What the exercise asks: Start at the first line below and write out everything verbatim except the pictures.

Source data:

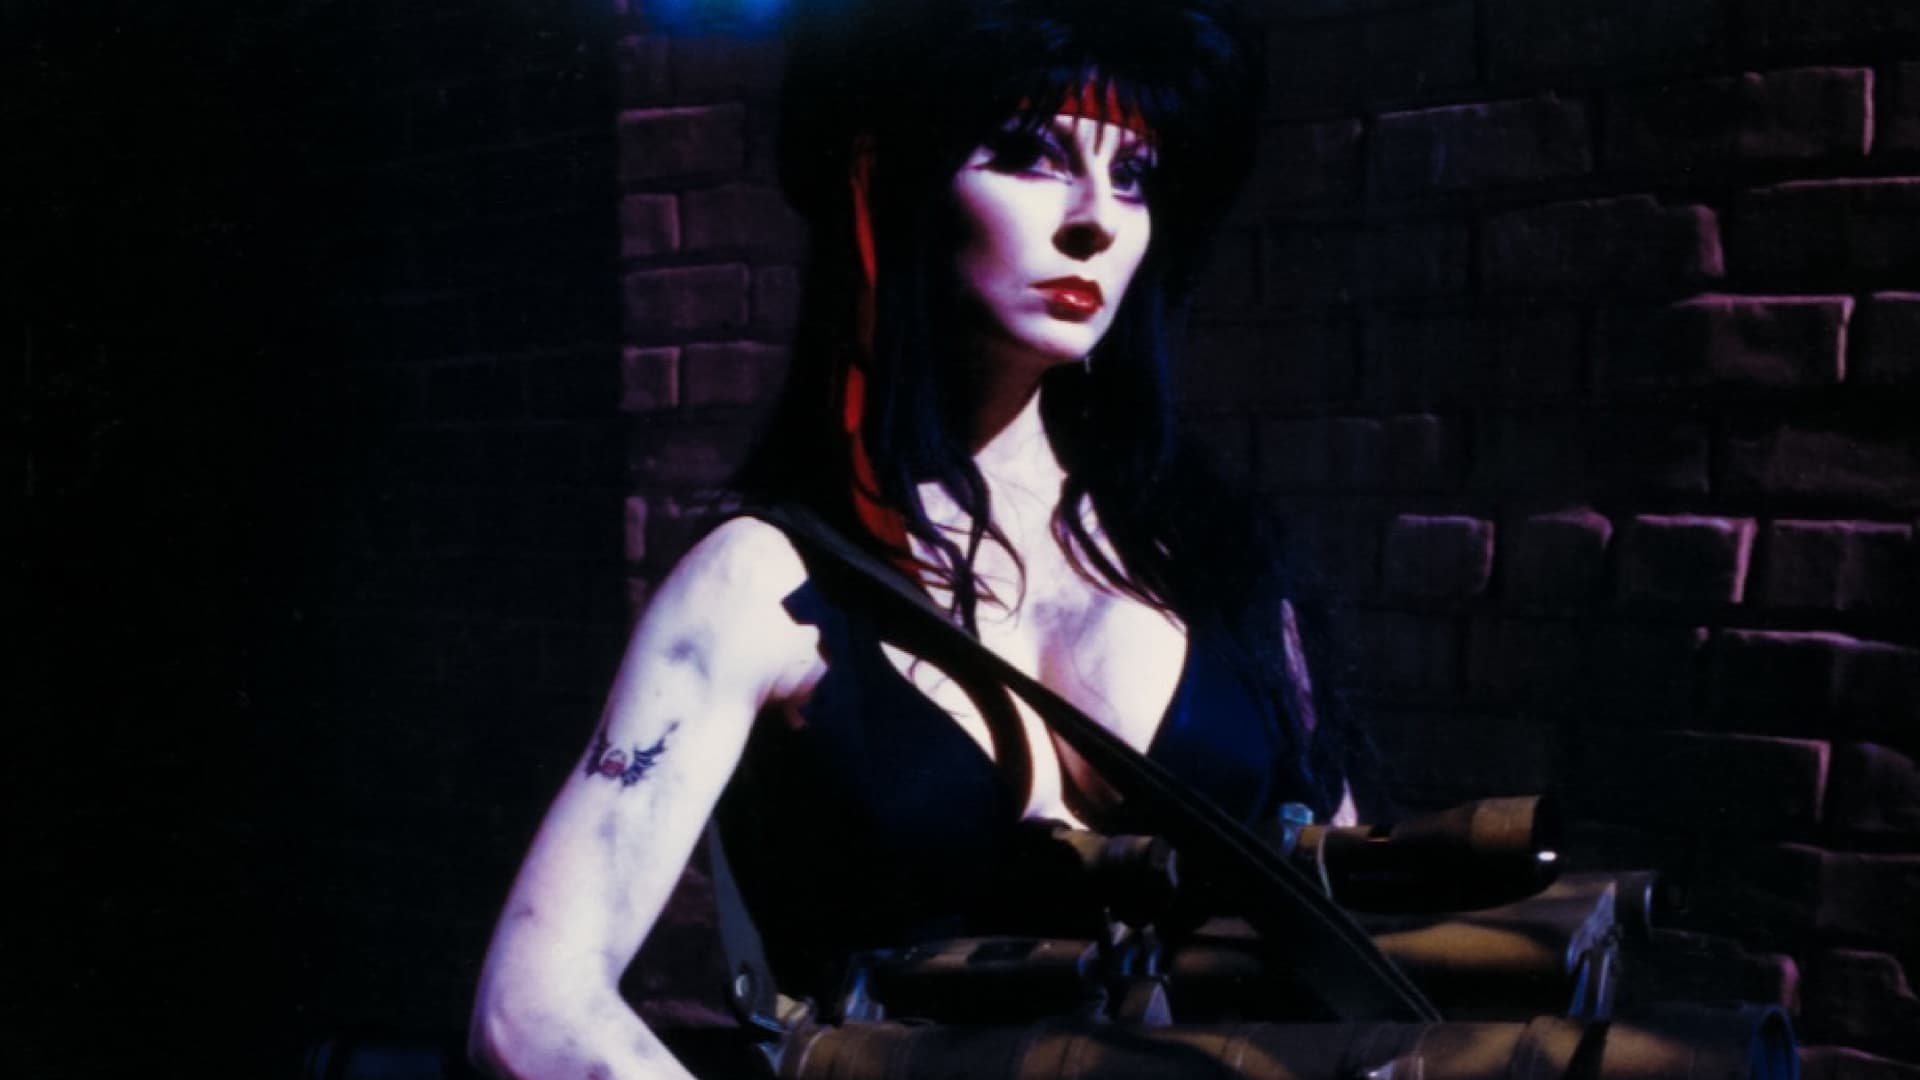 Image du film Elvira, maîtresse des ténèbres hcb0v8mke0flwsqqpe93r4kdyj0jpg
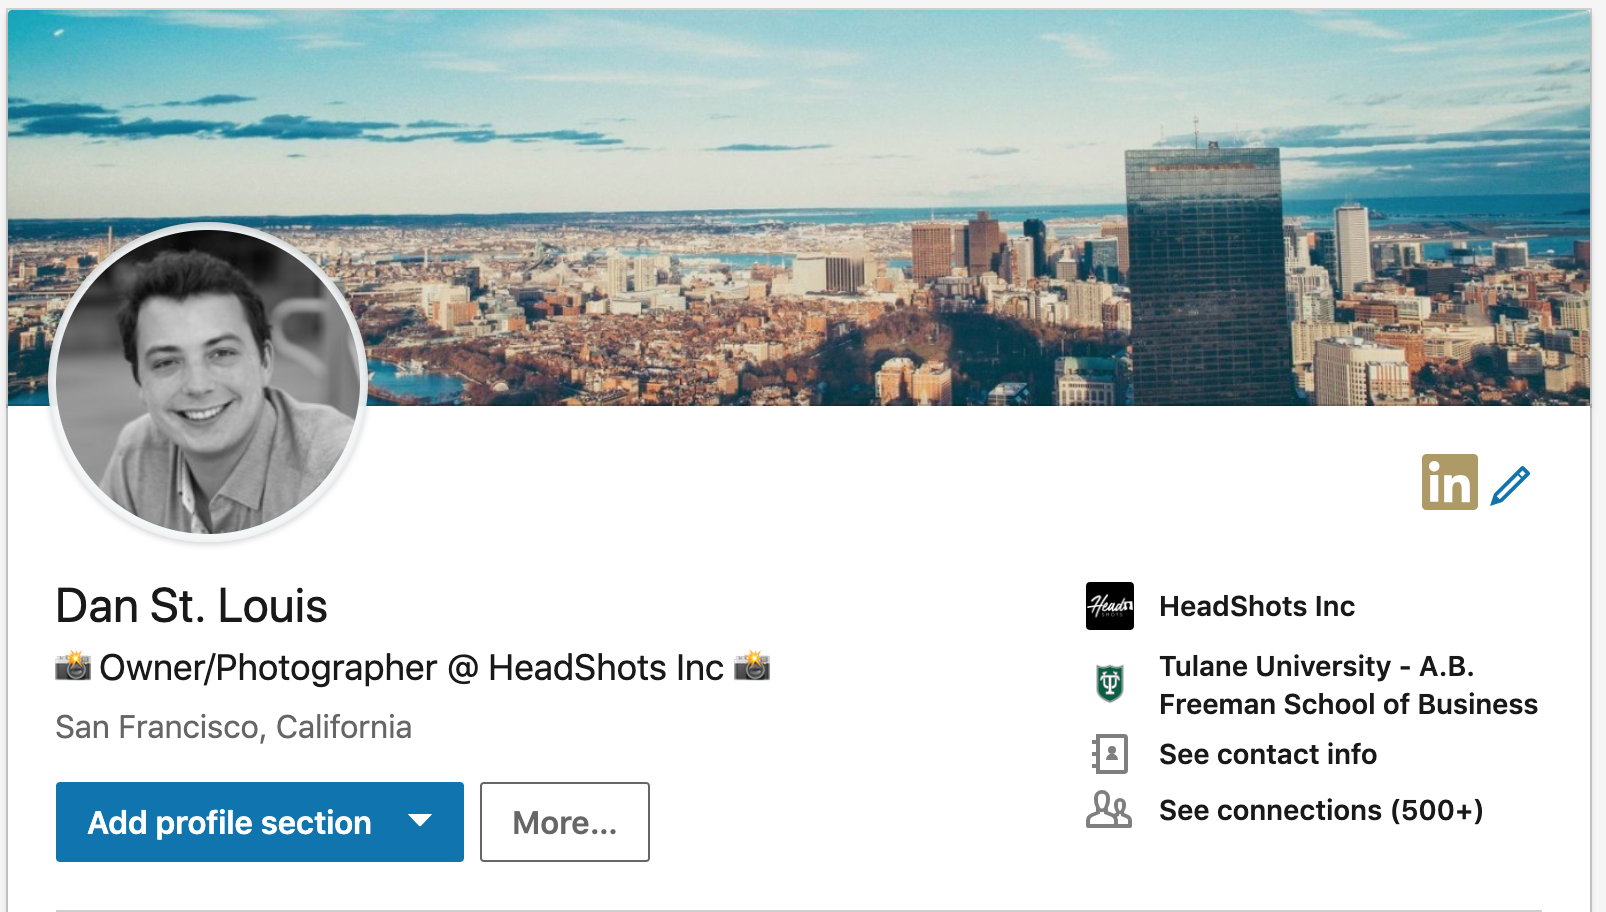 How to Choose an Awesome LinkedIn Cover Photo | HeadShots Inc
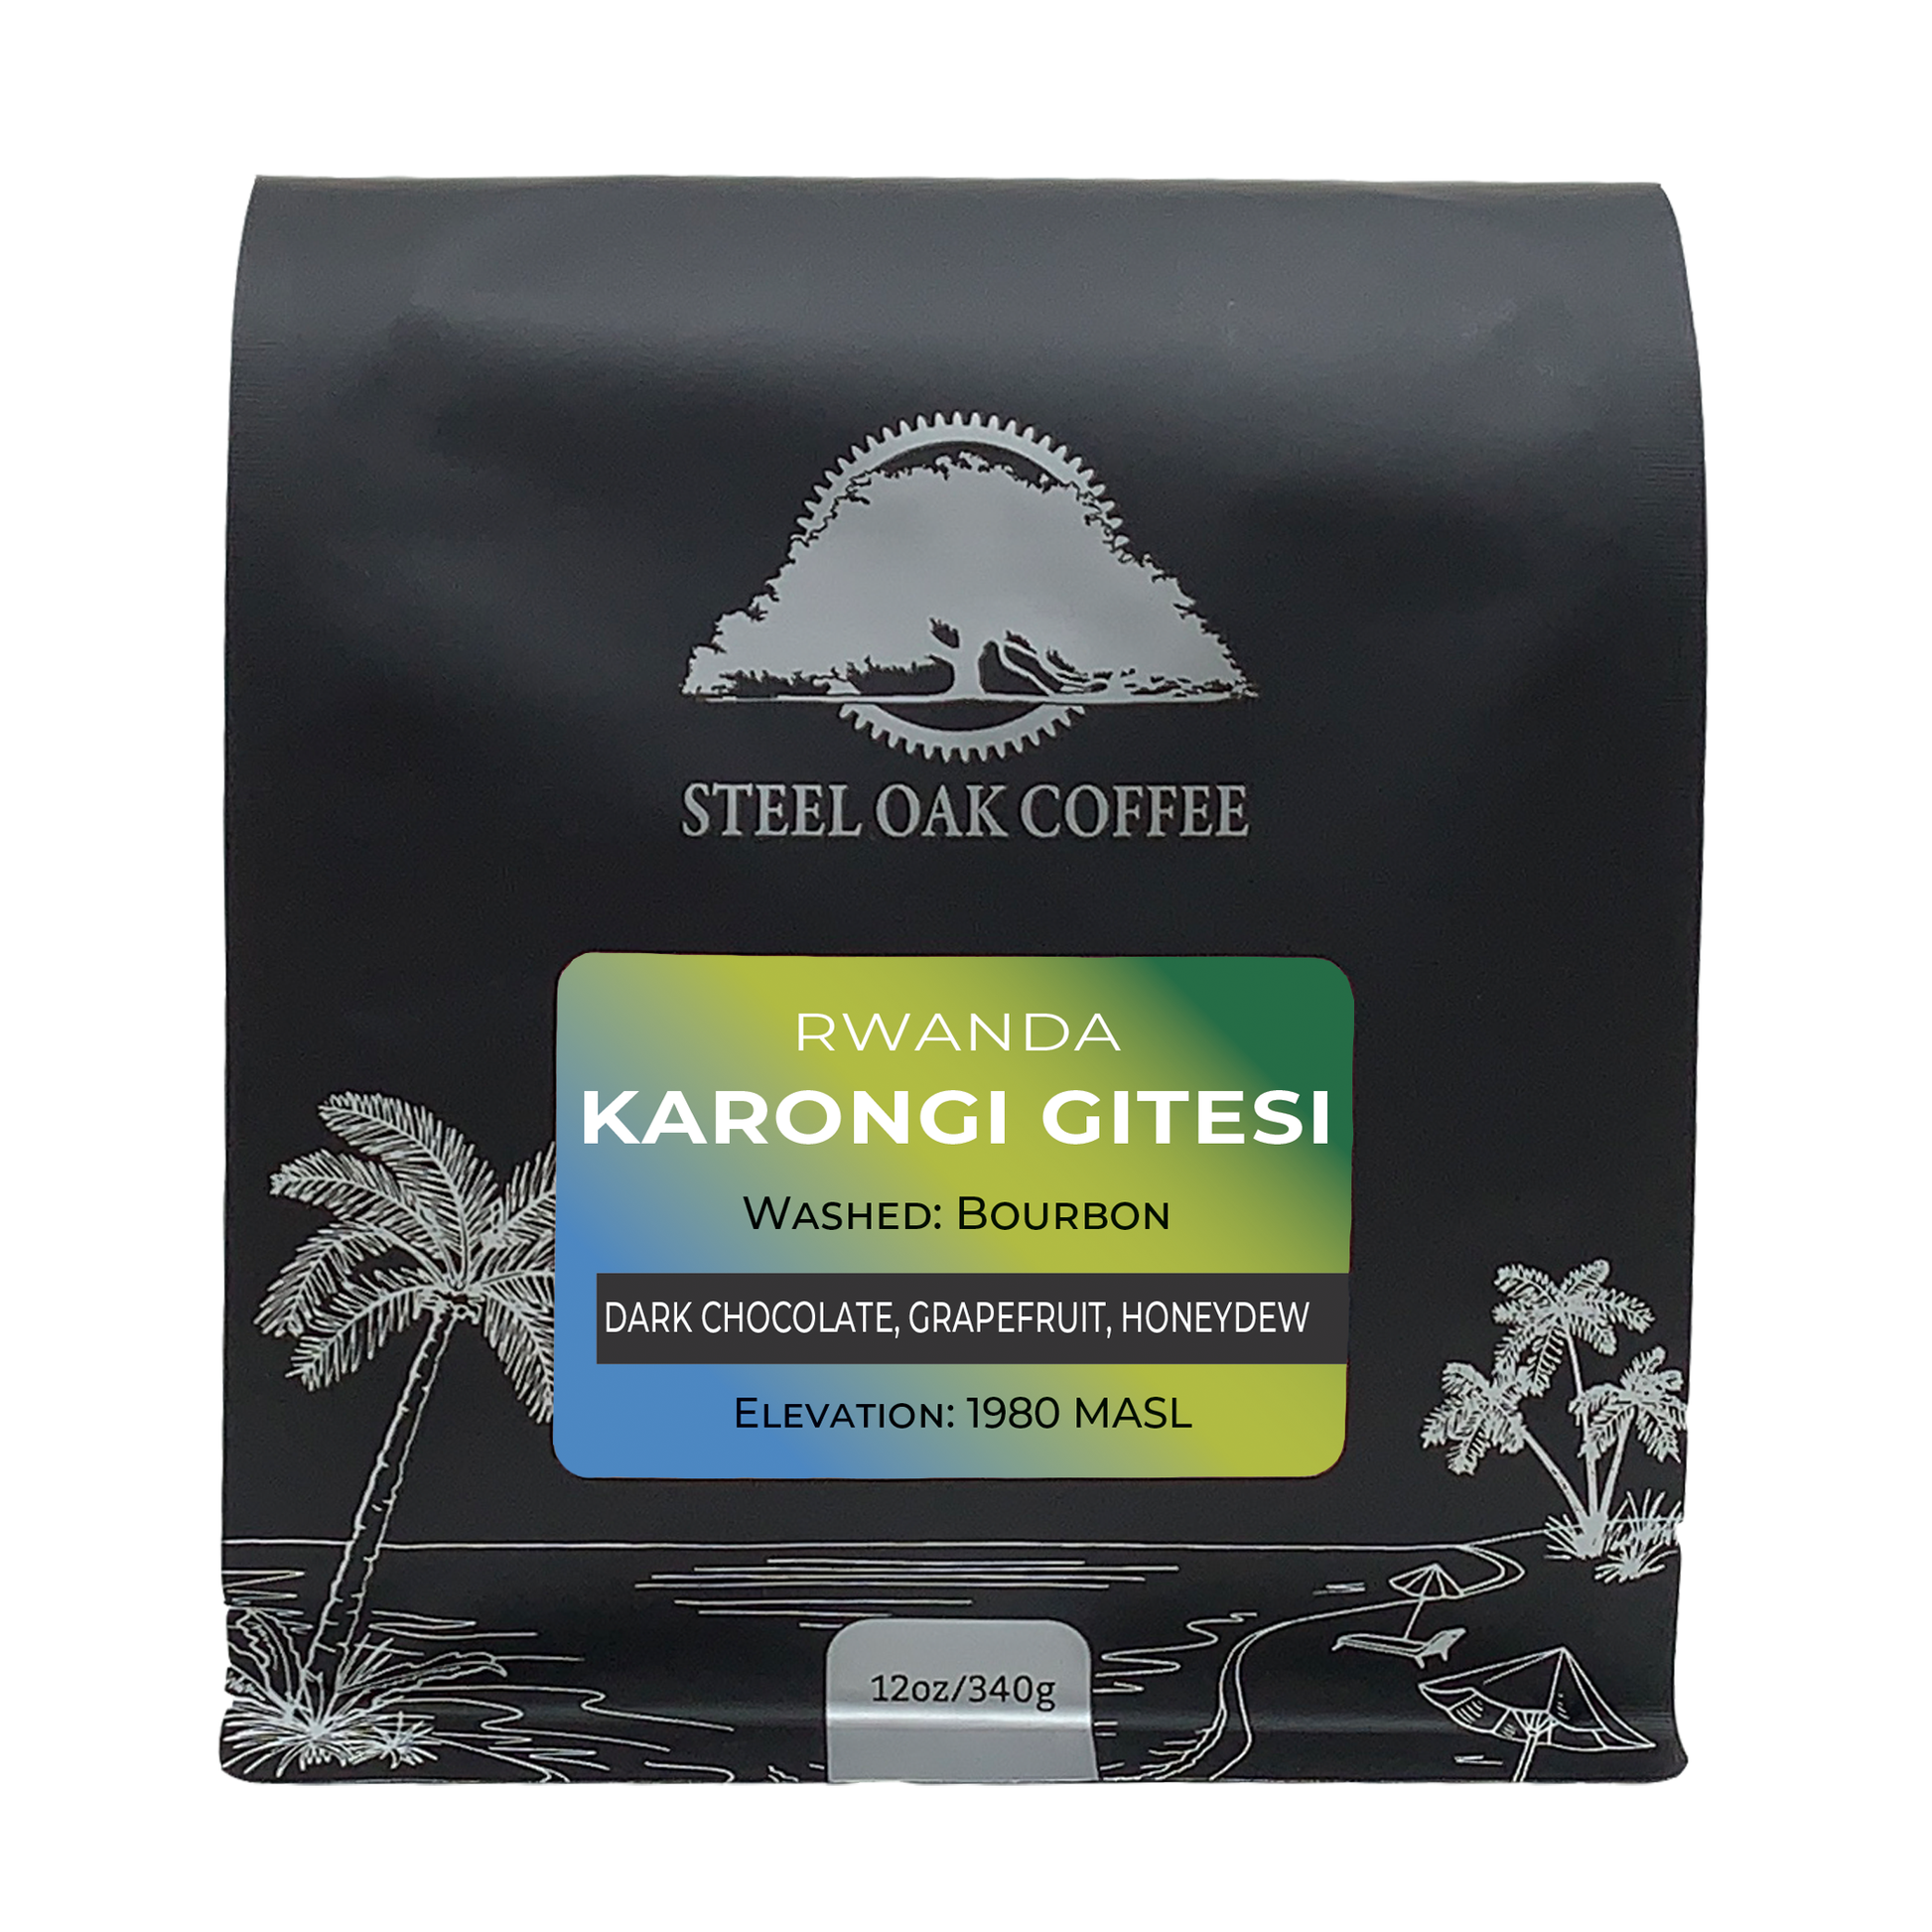 Rwanda - Karongi Gitesi - Steel Oak Coffee

Output:
 Image du film Elvira, maîtresse des ténèbres hcb0v8mke0flwsqqpe93r4kdyj0jpg
 How to Choose an Awesome LinkedIn Cover Photo | HeadShots Inc
 Rwanda - Karongi Gitesi - Steel Oak Coffee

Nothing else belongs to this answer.